Assignment —
Transcribe the full listing without changing a word, and omit its pictures.

Material provided —
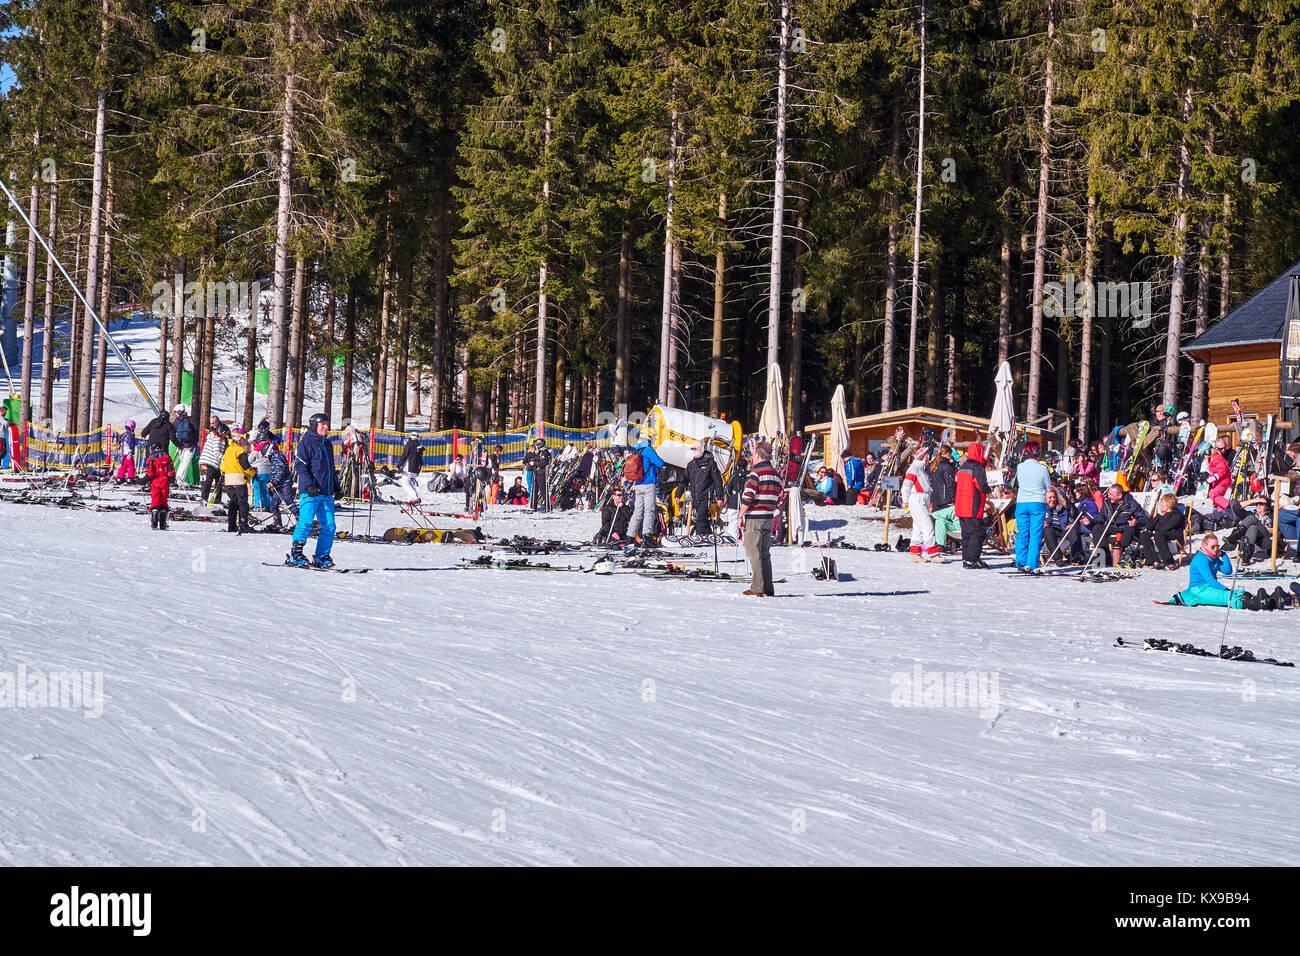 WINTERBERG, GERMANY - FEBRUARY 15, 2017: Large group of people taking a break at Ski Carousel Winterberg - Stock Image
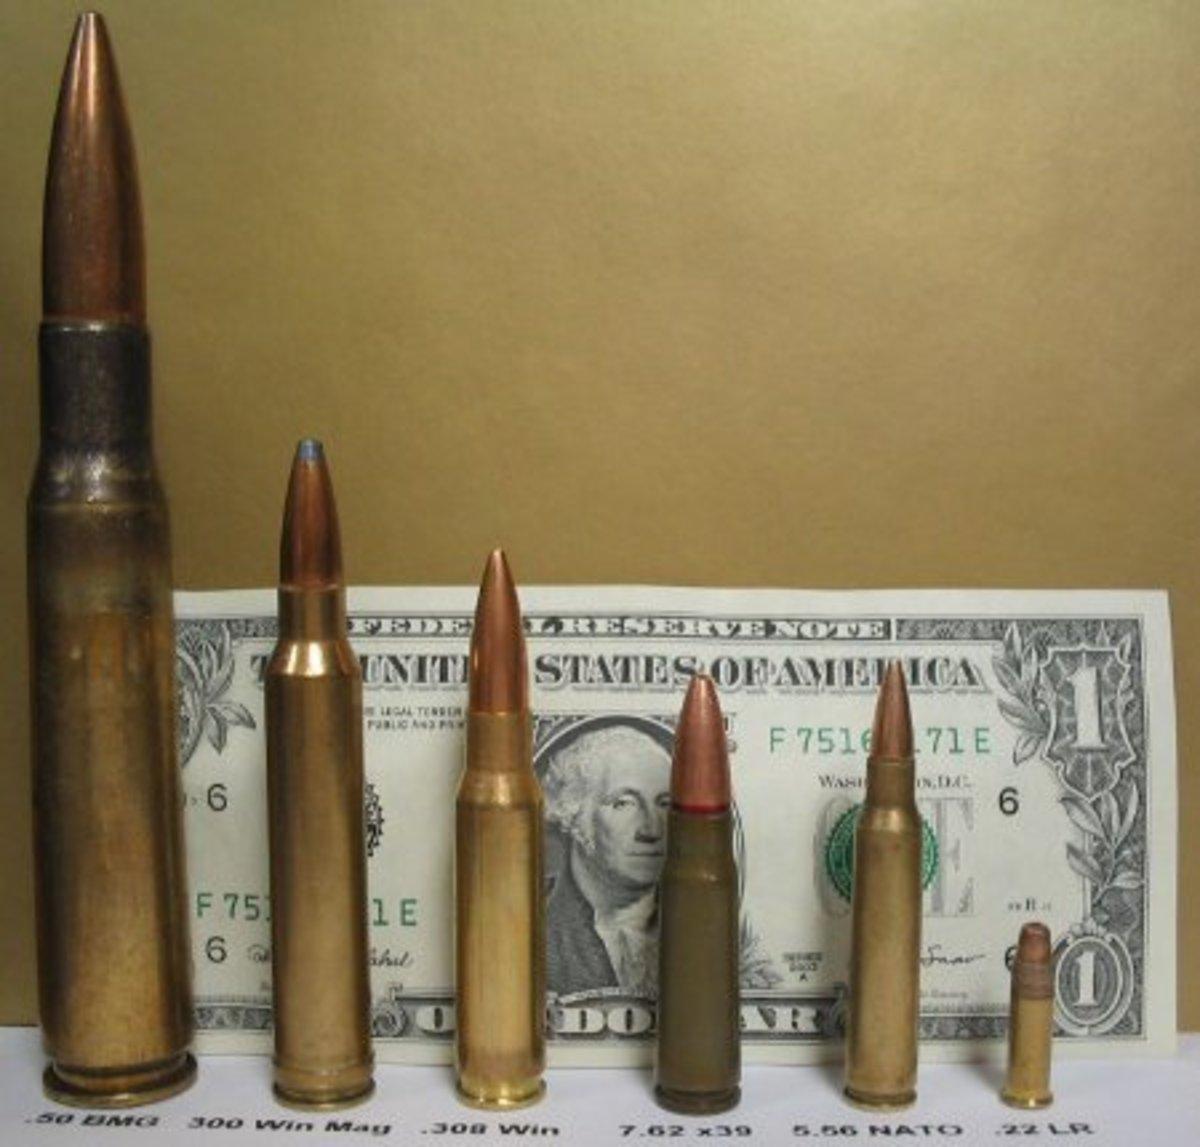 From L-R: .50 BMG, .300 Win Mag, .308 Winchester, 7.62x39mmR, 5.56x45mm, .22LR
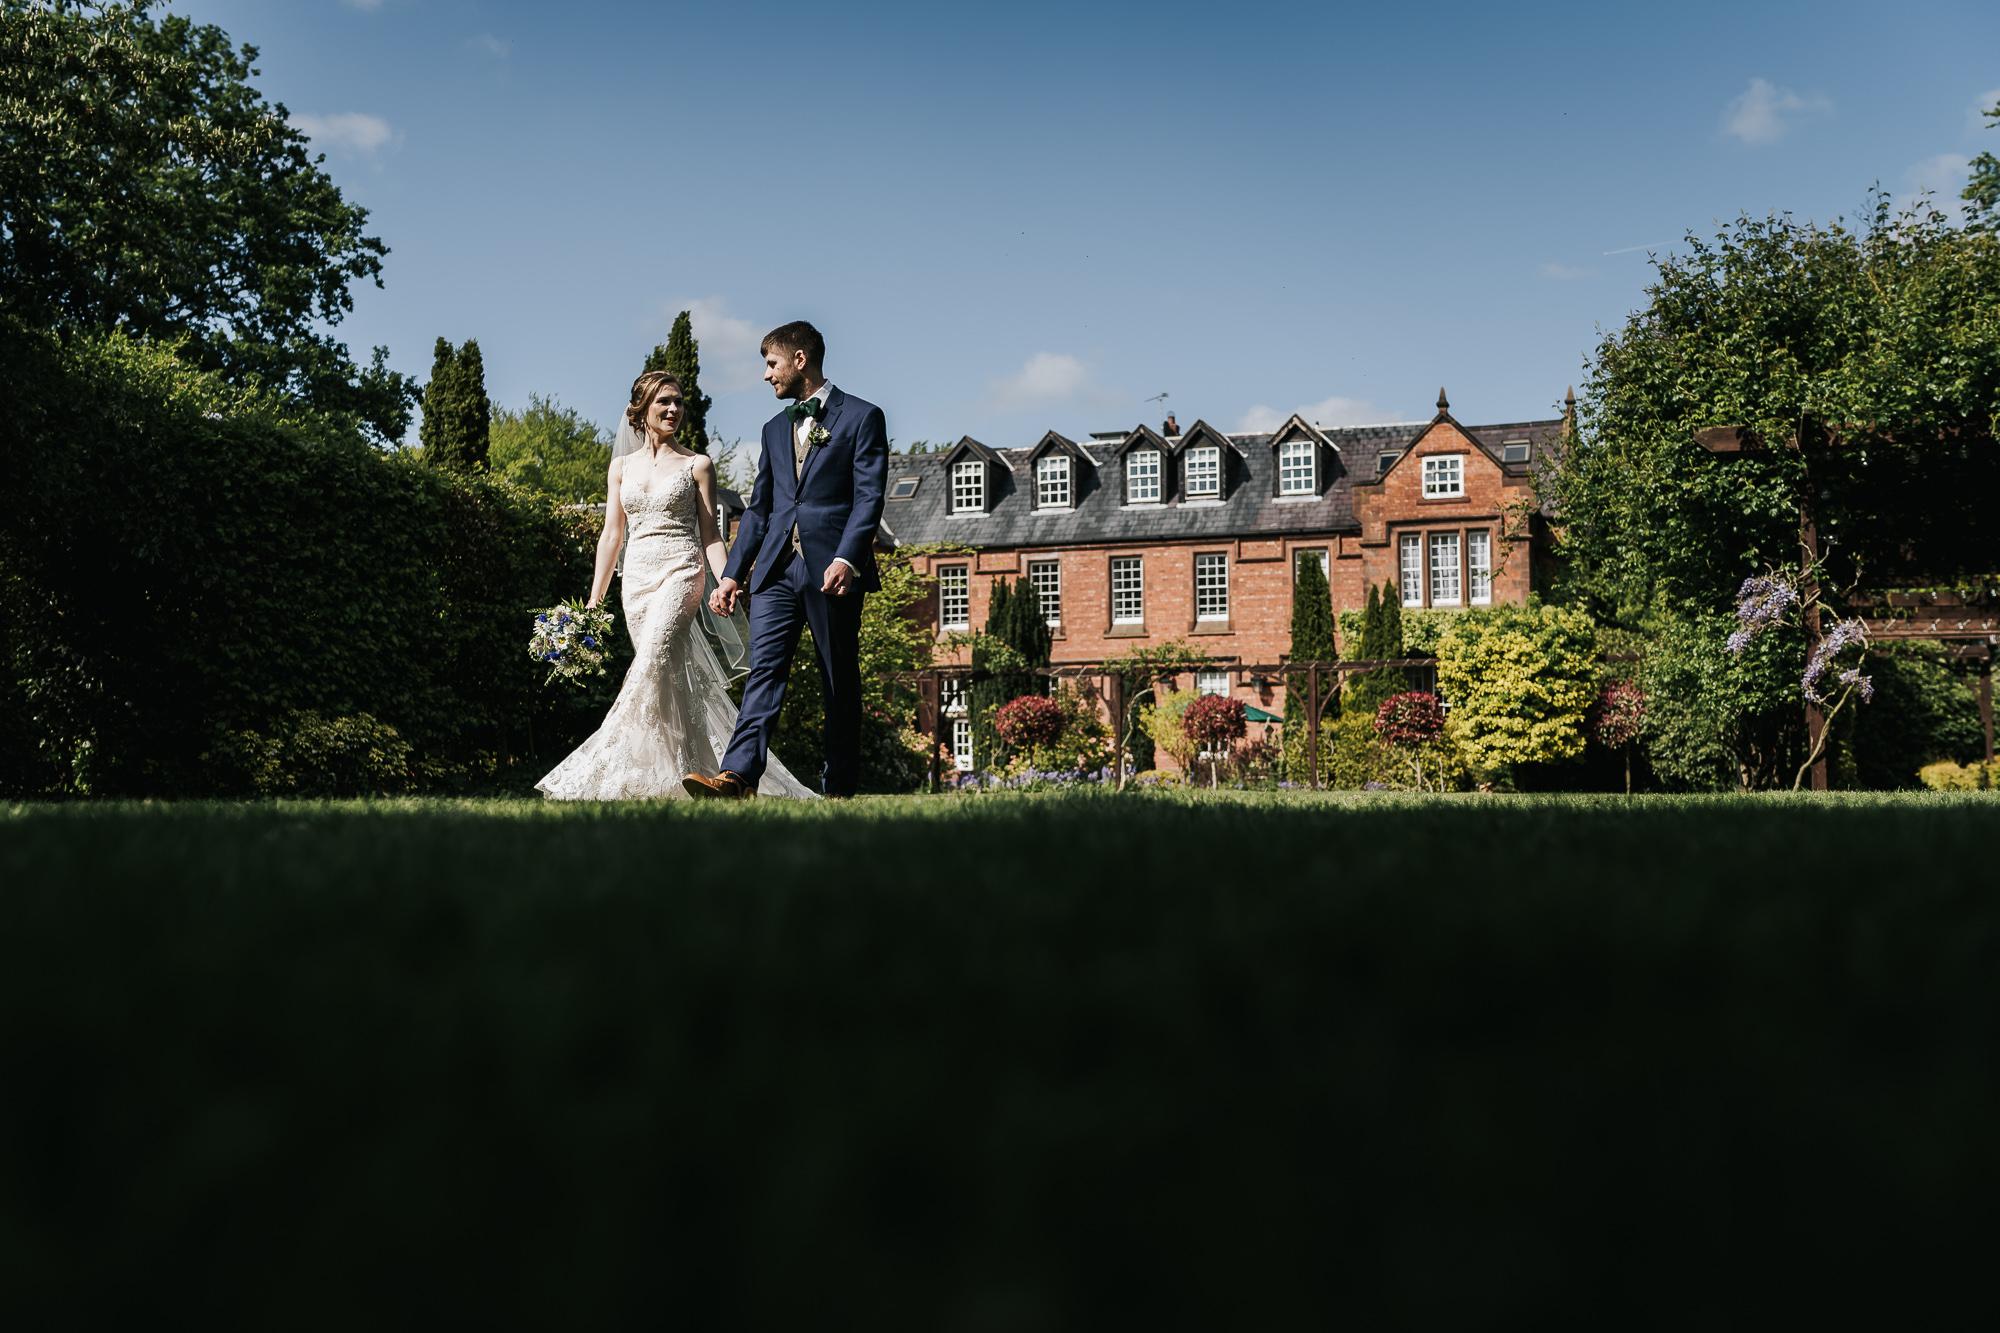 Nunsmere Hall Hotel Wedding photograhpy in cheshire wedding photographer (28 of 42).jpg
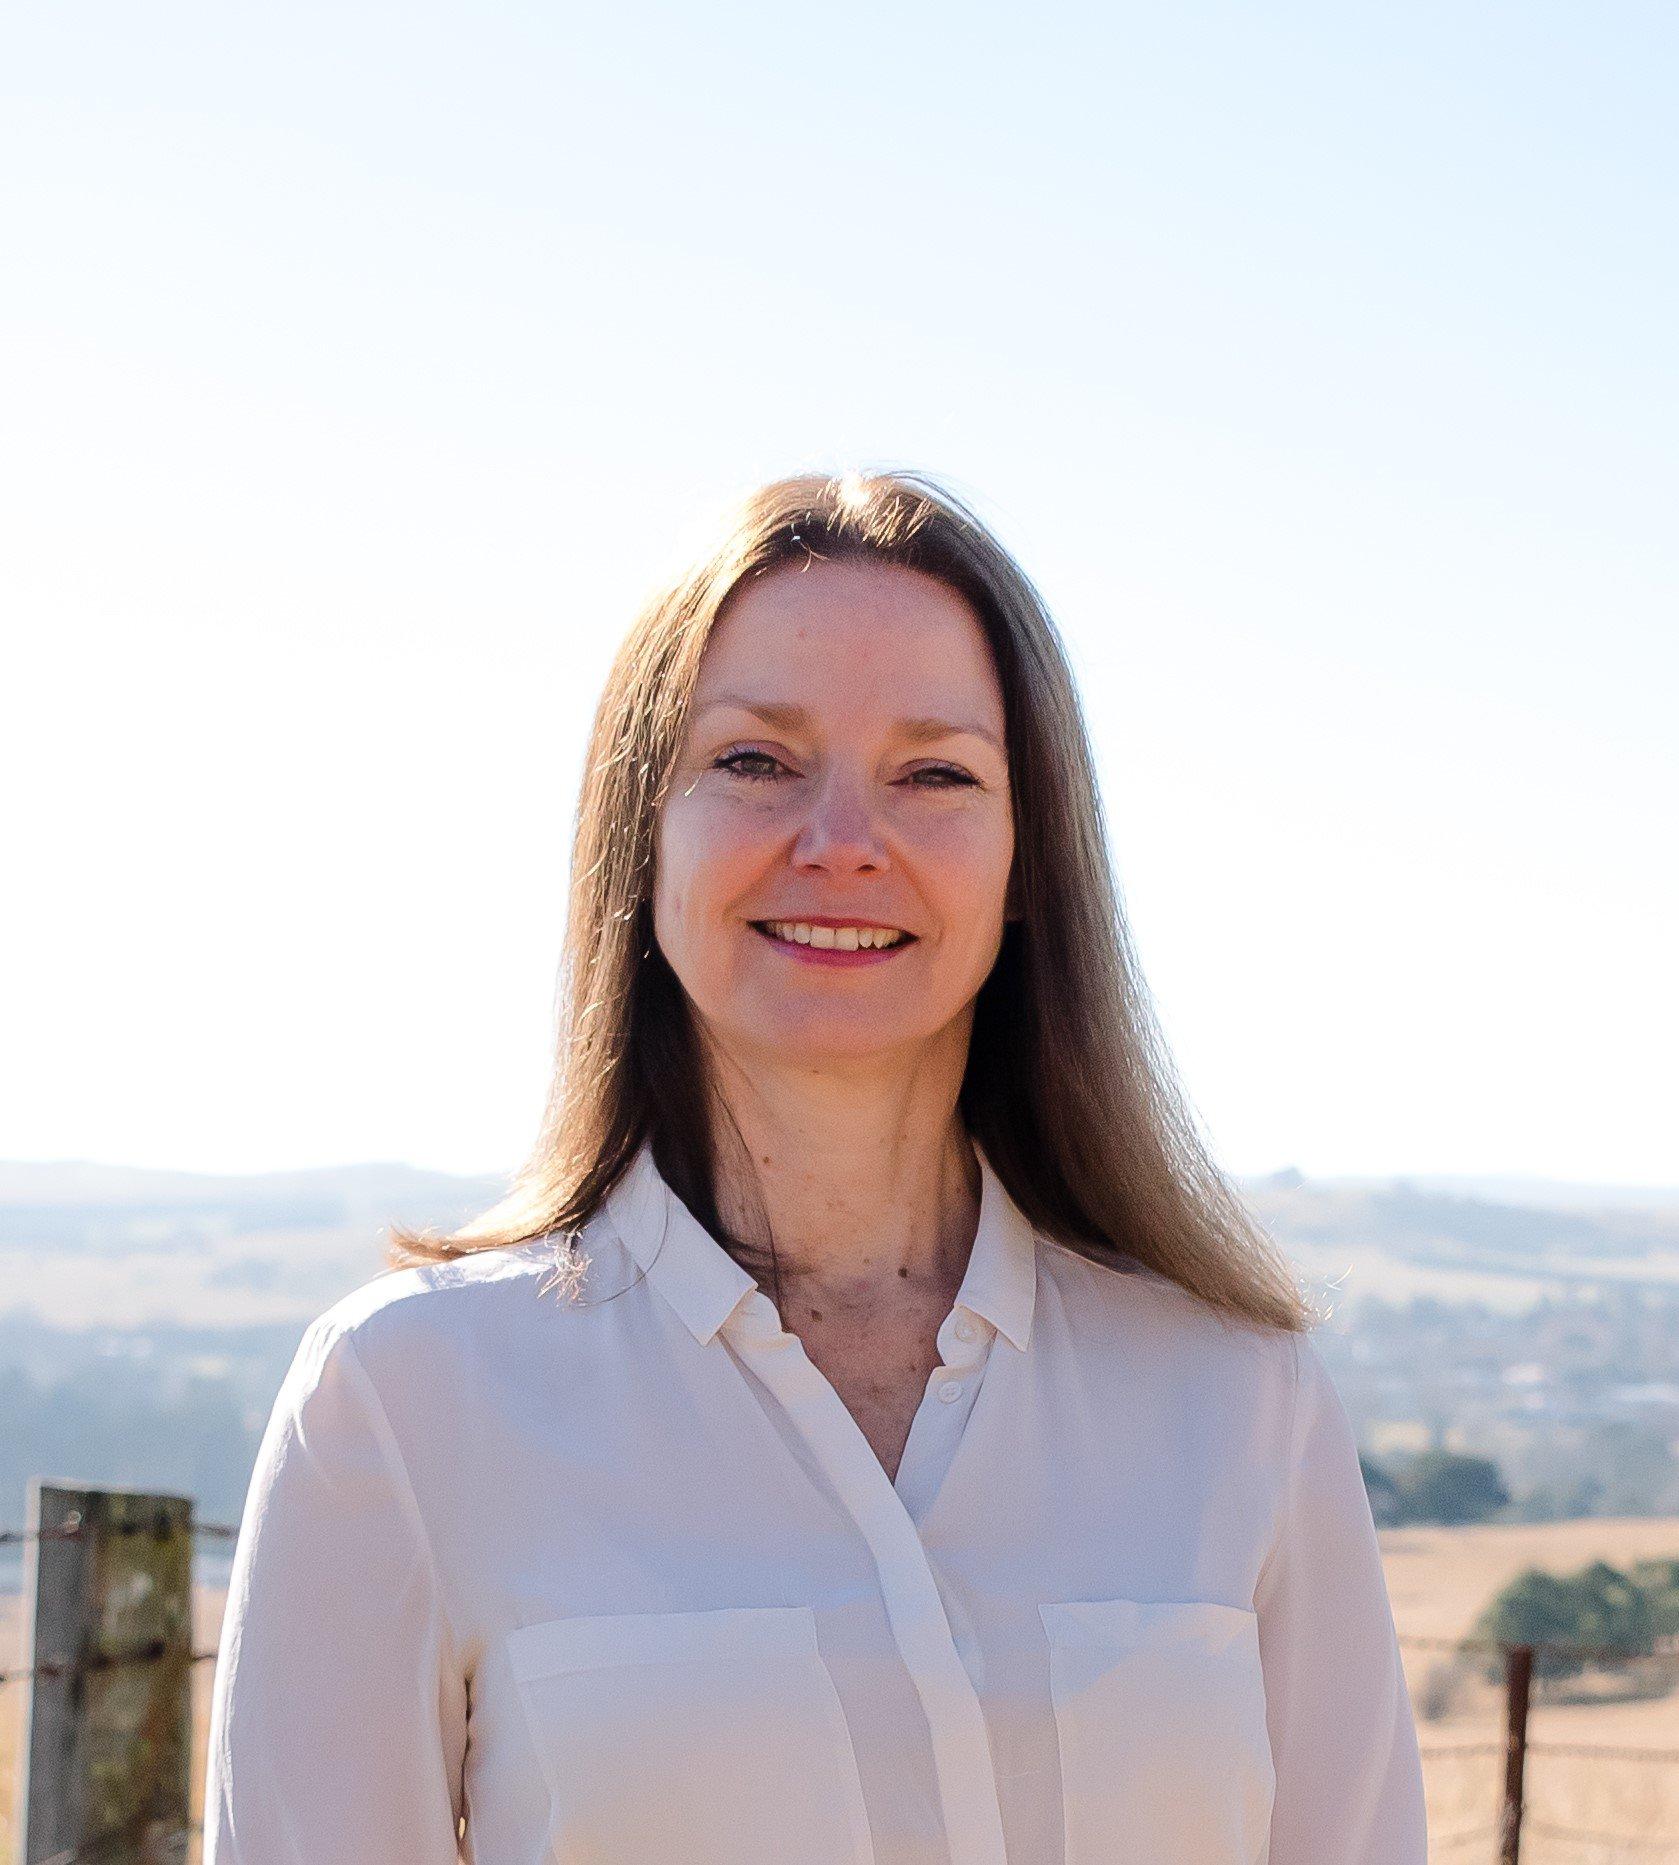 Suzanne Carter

Your response —
 WINTERBERG, GERMANY - FEBRUARY 15, 2017: Large group of people taking a break at Ski Carousel Winterberg - Stock Image
 From L-R: .50 BMG, .300 Win Mag, .308 Winchester, 7.62x39mmR, 5.56x45mm, .22LR
 Nunsmere Hall Hotel Wedding photograhpy in cheshire wedding photographer (28 of 42).jpg
 Suzanne Carter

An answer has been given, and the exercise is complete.